Moscovici (1961, 1978) destaca o caráter afetivo das atitudes, situando-as como um dos componentes que compoem as RS, juntamente com a informação sobre o objeto e o campo. Este autor considera que, em geral, a atitude tende a ser a dimensão mais presente, possivelmente sendo a primeira em uma hierarquia genética, uma vez que somente se busca informações e se elabora uma ideia organizada sobre o objeto após ter

tomado uma posição e em função deste posicionamento (Moscovici, 2012). Elas são elementos primários na formação das RS e fundamentais para a construção do conhecimento social, o que permite considera-las como organizadoras das cognições que compõe o campo representacional associado ao objeto; ou seja, os elementos carregados valorativamente se apresentam como importantes marcos de interpretação e categorização de novas informações, configurando-se em sistemas de significação que virão a orientar os comportamentos (Parales-Quenza & Vizicaíno- Gutiérrez, 2007).

Embora as RS sejam formadas a partir da tomada de posição em relação ao objeto, a formação de uma atitude também exige que se tenha alguma informação sobre o mesmo (Moscovici, 1961, 1978), indicando uma relação de reciprocidade entre os dois constructos. As atitudes são alicerçadas em crenças (Ajzen, 2006) e se formam a partir da internalização de valores (Fraser, 1994), o que pressupõe uma regulação dos processos cognitivos por fenômenos societários. Moliner e Tafani (1997), por sua vez, afirmam que os componentes avaliativos de uma representação formam a estrutura subjacente de uma atitude, ou seja, as primeiras permitem explicar as bases cognitivas das últimas. Em consonância com esta perpesctiva, Doise (1986, p.86) conceitua as RS como “princípios organizadores de tomadas de posição ligadas a inserções sociais específicas em um conjunto de relações sociais”, o que permite estudar as atitudes como sendo RS. Desta forma, considera-se que a articulação entre atitudes e RS envolve a dimensão individual das atitudes com a coletiva das RS, havendo uma interdependência entre atitudes e atividade representacional (Salesses, 2005).

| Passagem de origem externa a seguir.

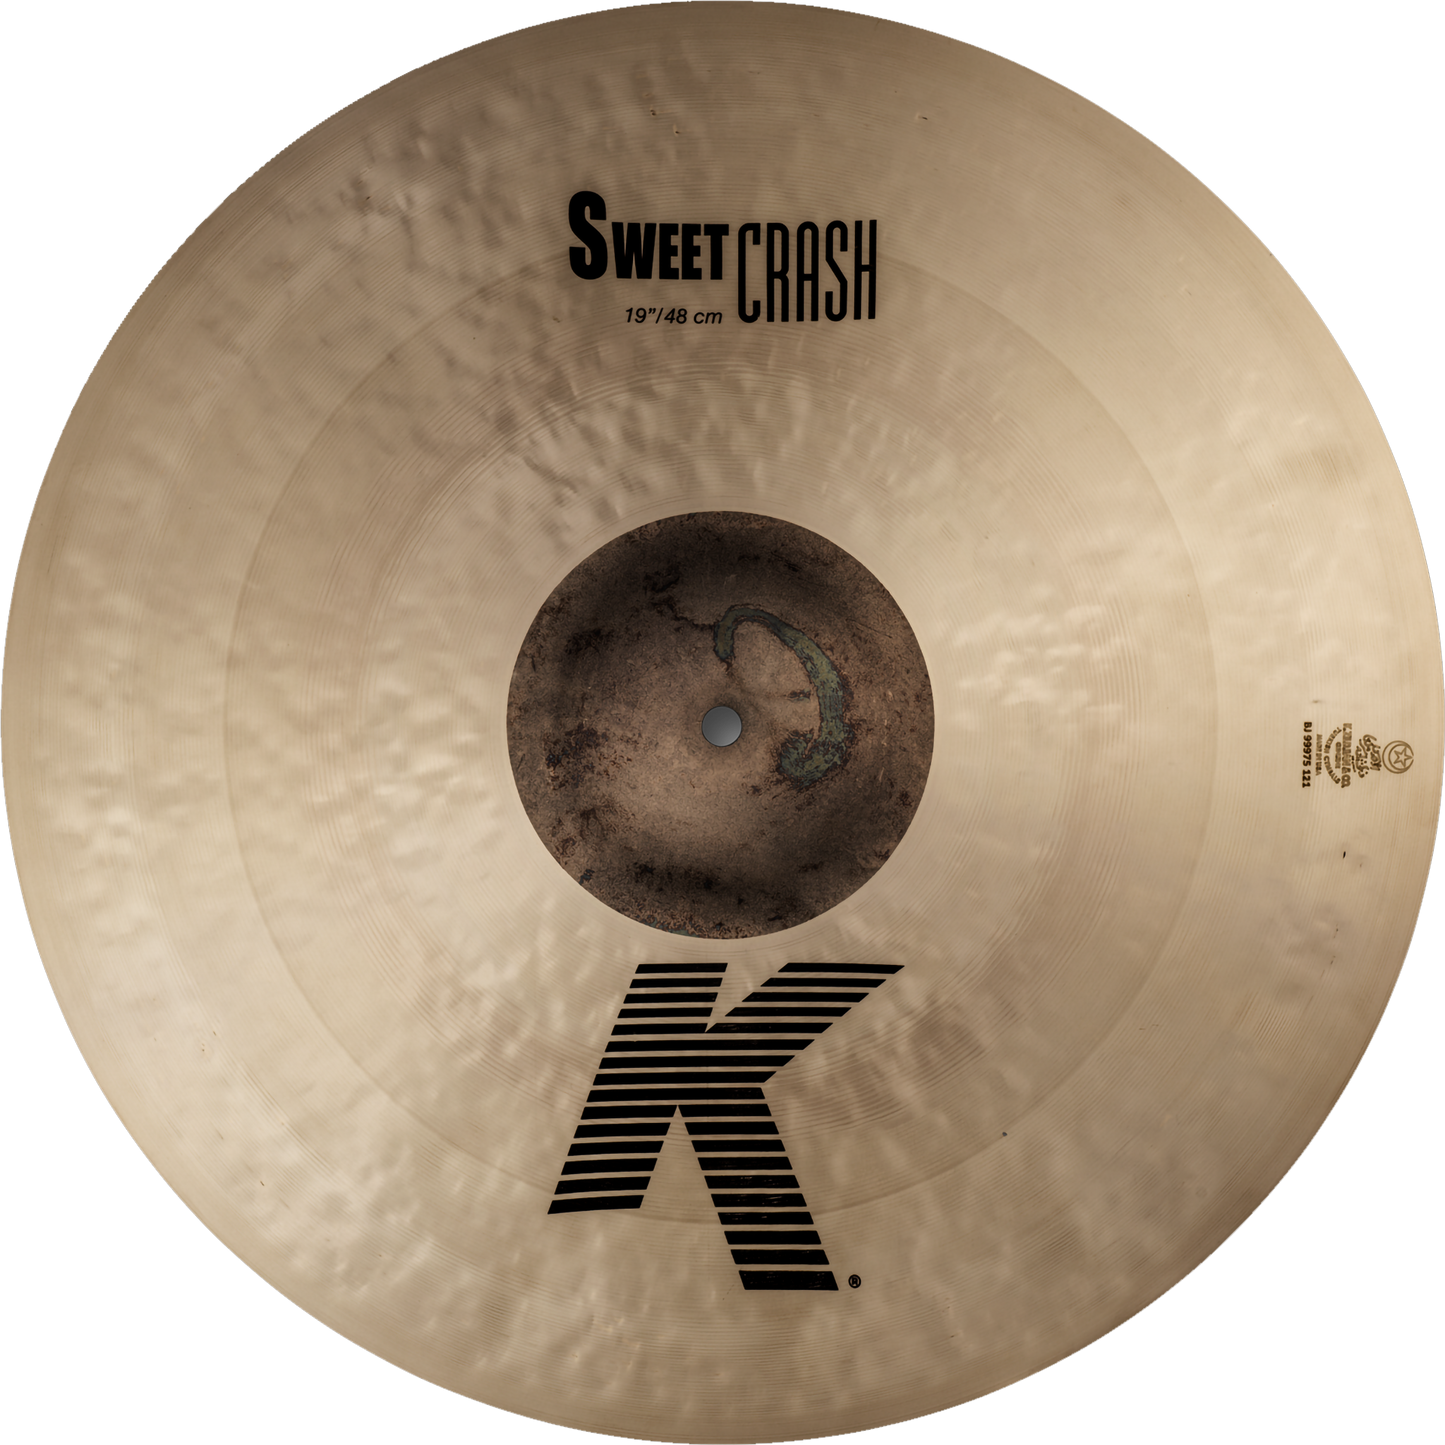 Zildjian 19" K Zildjian Sweet Crash Cymbal

Apesar da importância dos elementos avaliativos na relação entre RS e práticas, o campo representacional que predispõe os indivíduos à ação pode envolver diversas variáveis, de forma que a ocorrência da prática é também dependente de outros fatores do ambiente. Modelos teóricos como a Teoria da Ação Refletida (Ajzen & Fishbein 1975) e do Comportamento Planejado (Ajzen, 1991, 2001, 2005; Ajzen & Madden, 1986) sustentam que as atitudes não são as únicas variáveis envolvidas na predisposição dos indivíduos à ação, na medida em que também consideram a adesão a determinadas normas sociais, como as normas subjetivas, como fatores importantes na decisão dos indivíduos em realizar um comportamento. Doise (1985, 2014), apreendendo o conceito de metassistema de Moscovici (1961, 1978), defende a necessidade de estudar a relação entre as regulações sociais e o funcionamento cognitivo, que por sua vez, permite explicar os comportamentos. Assim, explicar as

ações humanas a partir da perspectiva das RS requer considerar os determinantes sociais e societais que as compõe e que permitem a contextualização de crenças, atitude e comportamentos frente aos objetos. Guignard, Apostolidis e Demarque (2014) consideram as dimensões normativas importantes para a análise da relação entre o funcionamento social e os comportamentos. Considerando que as práticas corporais de rejuvenescimento remetem a características valorizadas na sociedade brasileira, como jovialidade e beleza, entende-se que, além de aspectos afetivos referentes a estas práticas, elementos normativos também possam influenciar a predisposição das mulheres em adotar práticas de rejuvenescimento, portanto da mesma forma que as atitudes, podem se constituir como variáveis mediadoras na relação das RS do envelhecimento e rejuvenescimento e práticas corporais de rejuvenescimento.